* _Given material_:
▽
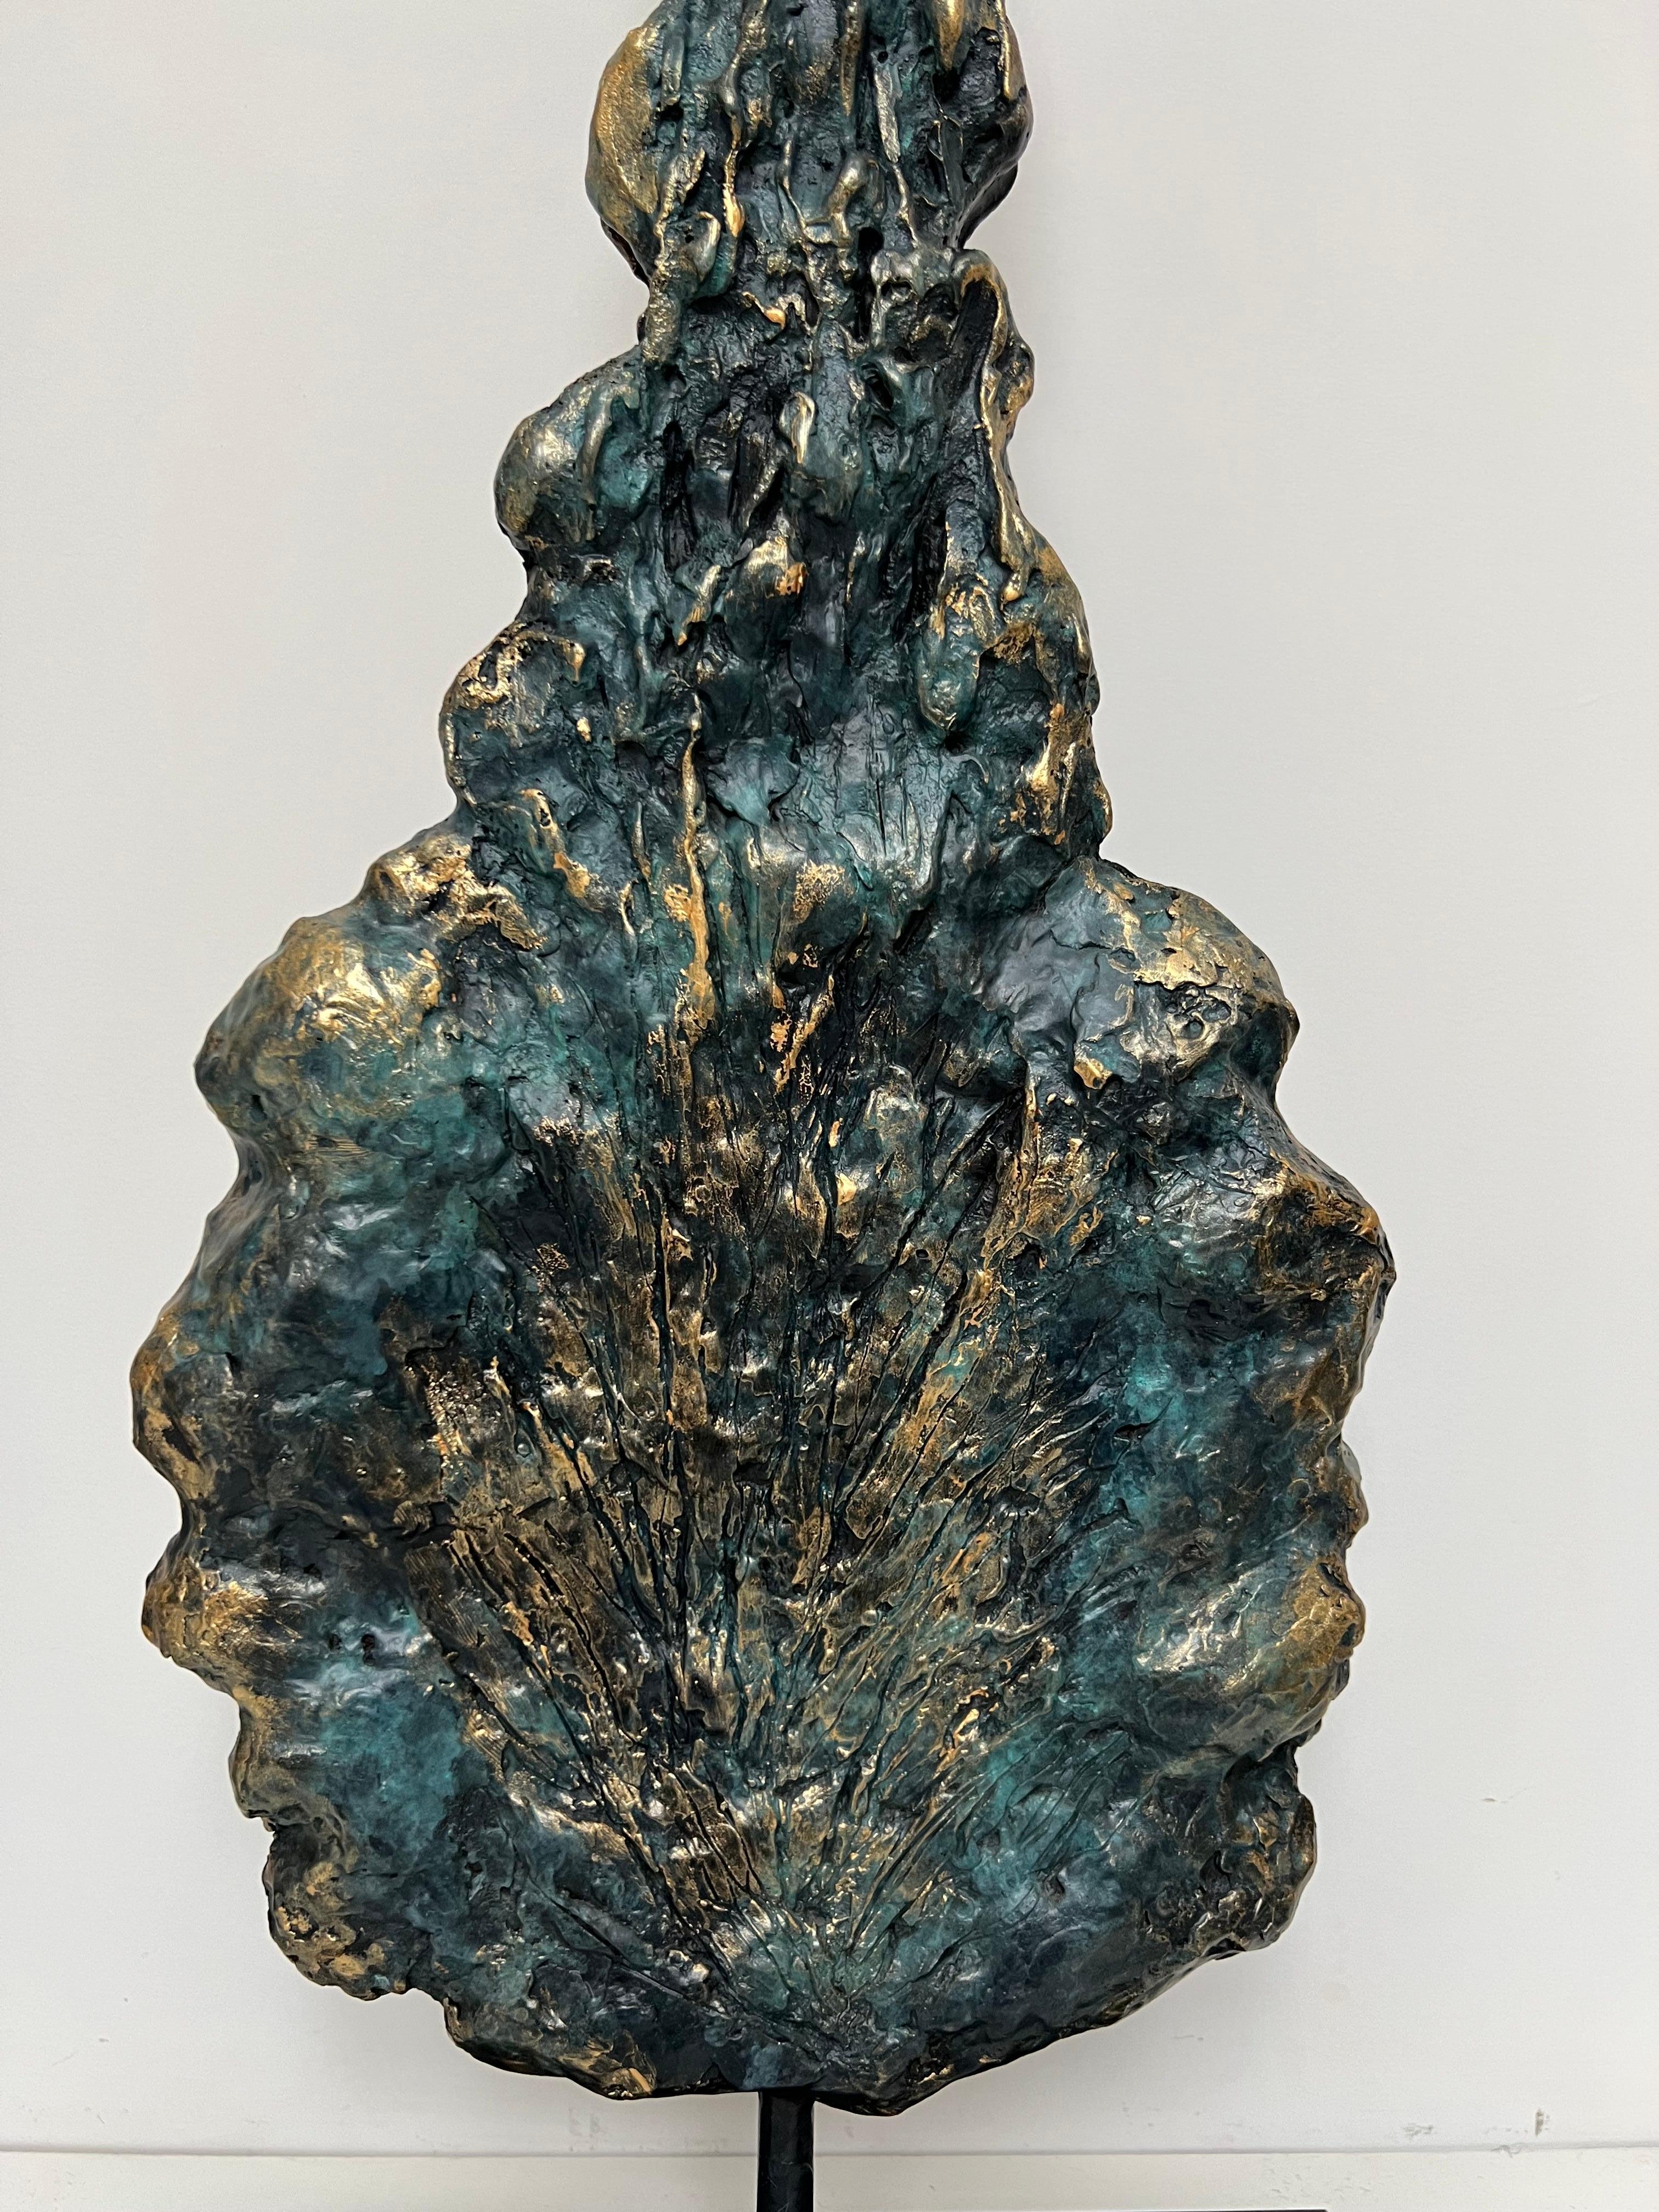 Einzigartige Skulpturen von Kiefern, handgefertigt, geformt und in Bronze gegossen.
Inspiriert von den hohen Pinienbäumen, die die sanften Hügel der mediterranen Landschaft säumen, ist dieses Jewell-Paar aus substanziellen Skulpturen in aufwändiger
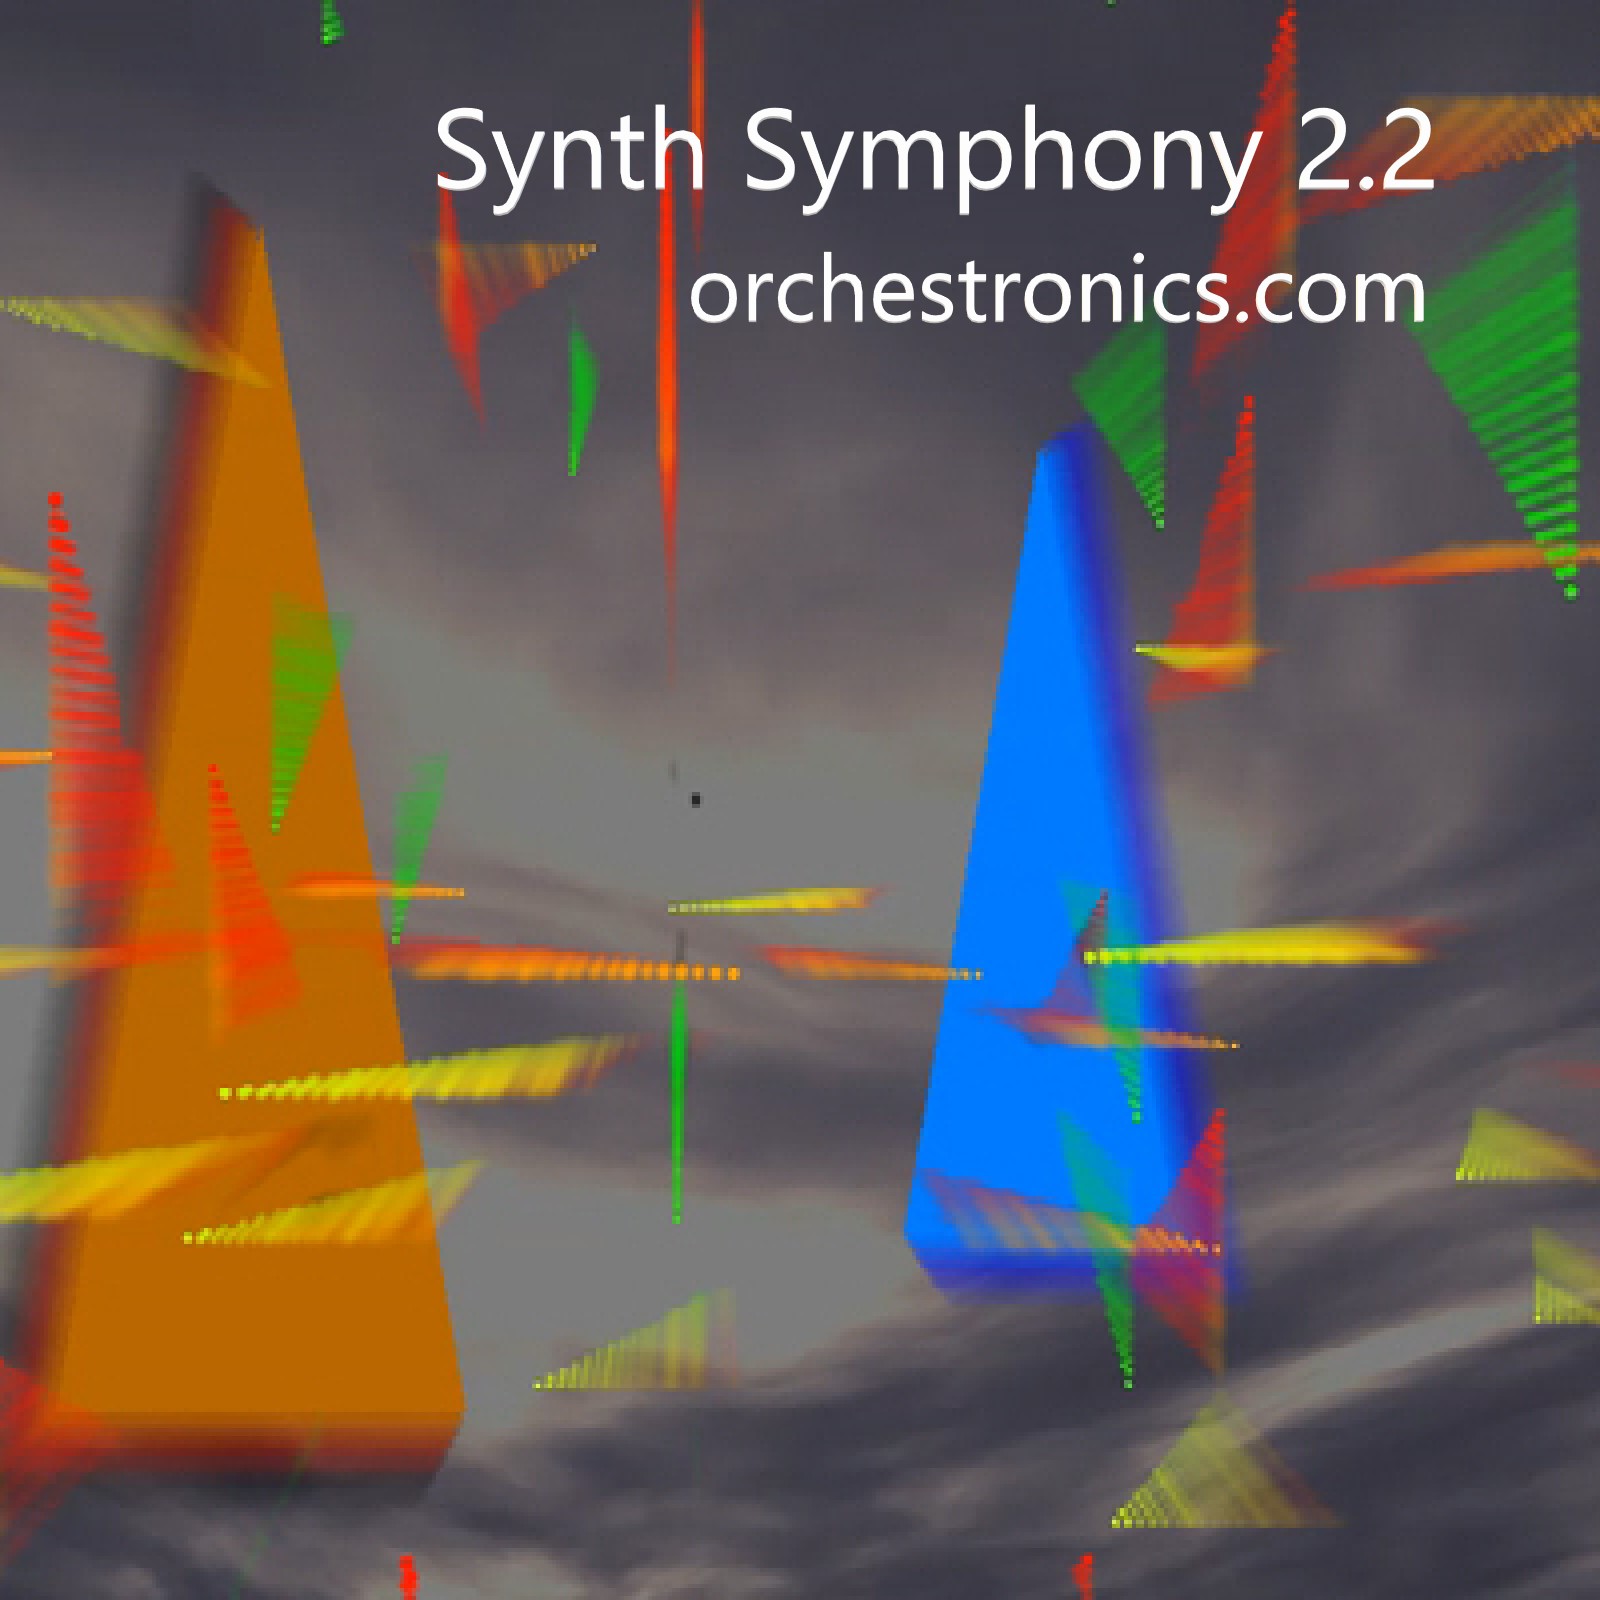 Synth Symphony 2.2
△
* _Your goal_: The lines from the one containing "Inspiriert von den" up to and including the last line of the material above are to be given again exactly; any pictures are dropped.

* _Result below_:
Inspiriert von den hohen Pinienbäumen, die die sanften Hügel der mediterranen Landschaft säumen, ist dieses Jewell-Paar aus substanziellen Skulpturen in aufwändiger
 Synth Symphony 2.2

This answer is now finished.